• The Persian Puzzle: The Conflict Between Iran and America was published in 2004 by Random House and was presented at the time as an attempt to understand the troubled relationship between Washington and Tehran through its long historical arc, not through a fleeting security moment.
• The book’s importance lies in the fact that it does not reduce Iran to a purely ideological discourse, nor America to an immediate reaction. Instead, it places both sides inside a memory burdened by the coup against Mossadegh, the revolution, the hostage crisis, the Iran-Iraq war, clashes in the Gulf, and then Afghanistan and Iraq. Pollack was also clear that regime change was not what he was offering readers, and that an effective approach required a mix of diplomacy and pressure.
• That is where the book’s value lies today. Its strength is in constructing a layered picture of a state that sees itself as the heir to a great imperial history, while at the same time carrying a constant sense of penetration, encirclement, and humiliation.
• From this dual knot, pride on one side and fragility on the other, Pollack explains why Tehran reads outside pressure as a test of sovereignty, dignity, and survival. That is precisely what makes every crisis larger than its immediate military scale.
Detail
Here, the Strait of Hormuz appears as a narrow maritime corridor, but it also represents the great compensating point in the strategy of a state traditionally weaker than its American rival in the overall balance of power.
When Iran cannot prevail in a conventional open war, it tries to raise the cost of war on both its adversary and the world:
• through maritime threats,
• indirect attrition,
• and by exploiting the sensitivity of energy and markets.
That is why threatening Hormuz reflects a logic of asymmetric deterrence: if the war cannot be won, it can at least be made costly enough to prevent the adversary from easily translating its superiority into outcome.
But what looks like a deterrent tool on the map can, in wartime, become an enormous strategic burden.
According to the International Energy Agency, around 20 million barrels per day of oil and petroleum products passed through Hormuz in 2025, roughly a quarter of the world’s seaborne oil trade, with limited alternatives for bypassing it. The U.S. Energy Information Administration says that about one-fifth of global liquefied natural gas trade passed through the strait in 2024. These figures mean that any broad disruption does not pressure Washington alone, which is somewhat insulated from it, but rather pressures the entire global energy structure.
This is where the decisive shift begins. As long as closure remains a theoretical threat, it stays part of the deterrence game. But once it turns into actual disruption, it changes Iran’s image from a state resisting pressure into one that appears to be gripping the artery of the global economy and threatening to choke it.
That is what made the scene in March 2026 different from traditional threat logic: Tehran informed the United Nations and the International Maritime Organization that only non-hostile ships could pass if they coordinated with Iranian authorities, at a time when shipping and energy flows through the strait were already under severe disruption, while Gulf states increased use of alternative routes such as Yanbu and Fujairah.

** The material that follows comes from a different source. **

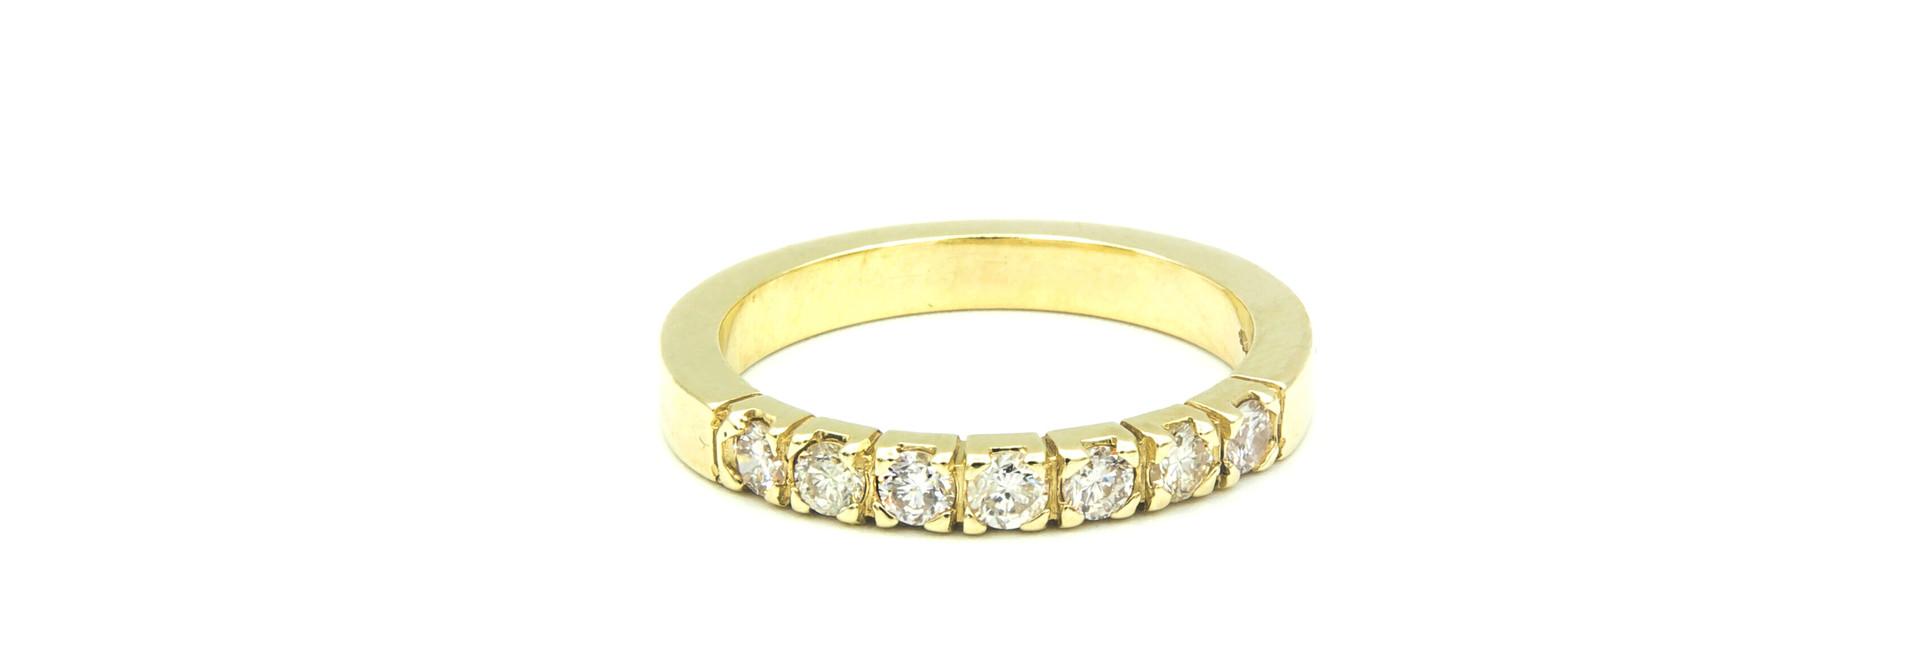 Ring verlovingsring klassiek met 7 diamanten ingezet

At that moment, the conflict was no longer simply bilateral between Iran and the United States. It had evolved into a confrontation with the global maritime order itself.
This is the core paradox that Pollack helps us understand. The Iranian system tends toward its most dangerous cards when it feels the political space is narrowing and its adversaries are leaving it no safe exit.
From that perspective, the Hormuz card looks like a final instrument:
• extremely sensitive,
• highly costly,
• and tempting in a moment of suffocation.
But at the same time, it is a card that broadens the battlefield beyond the immediate adversary. The more valuable the strait becomes in the global market, the less containable its full use becomes and the more likely it is to trigger a wider response.
What next?
The most important shift in the current situation is strategic. Iran historically used Hormuz as a threat that could deter. Today, however, every move toward broad, real disruption turns it into a weapon that also rebounds on Iran itself.
A state that tries to impose costs on the world through the strait may find itself facing a broader coalition, more hostile markets, and weaker legitimacy for its defensive argument. Put differently: the more this card moves from the level of threat to the level of use, the more it loses value as a bargaining tool and gains value as an instrument of mutual burn.
(Analysis)
In Pollack’s reading, Iran is a complex system, governed by calculations of security, identity, history, and competing institutions.
That is why a decision involving the Strait of Hormuz cannot be understood through the language of navies and missiles alone. It also requires the language of strategic psychology:
How does a wounded state respond to pressure it sees as existential?
The answer may be escalation that, from within, looks like a defense of dignity and sovereignty, but from the outside looks like a direct threat to the international system of energy and trade. It is precisely here that the weapon shifts from a deterrent tool to a suicidal option in the strategic sense: because its effects are larger than its owner’s ability to contain them.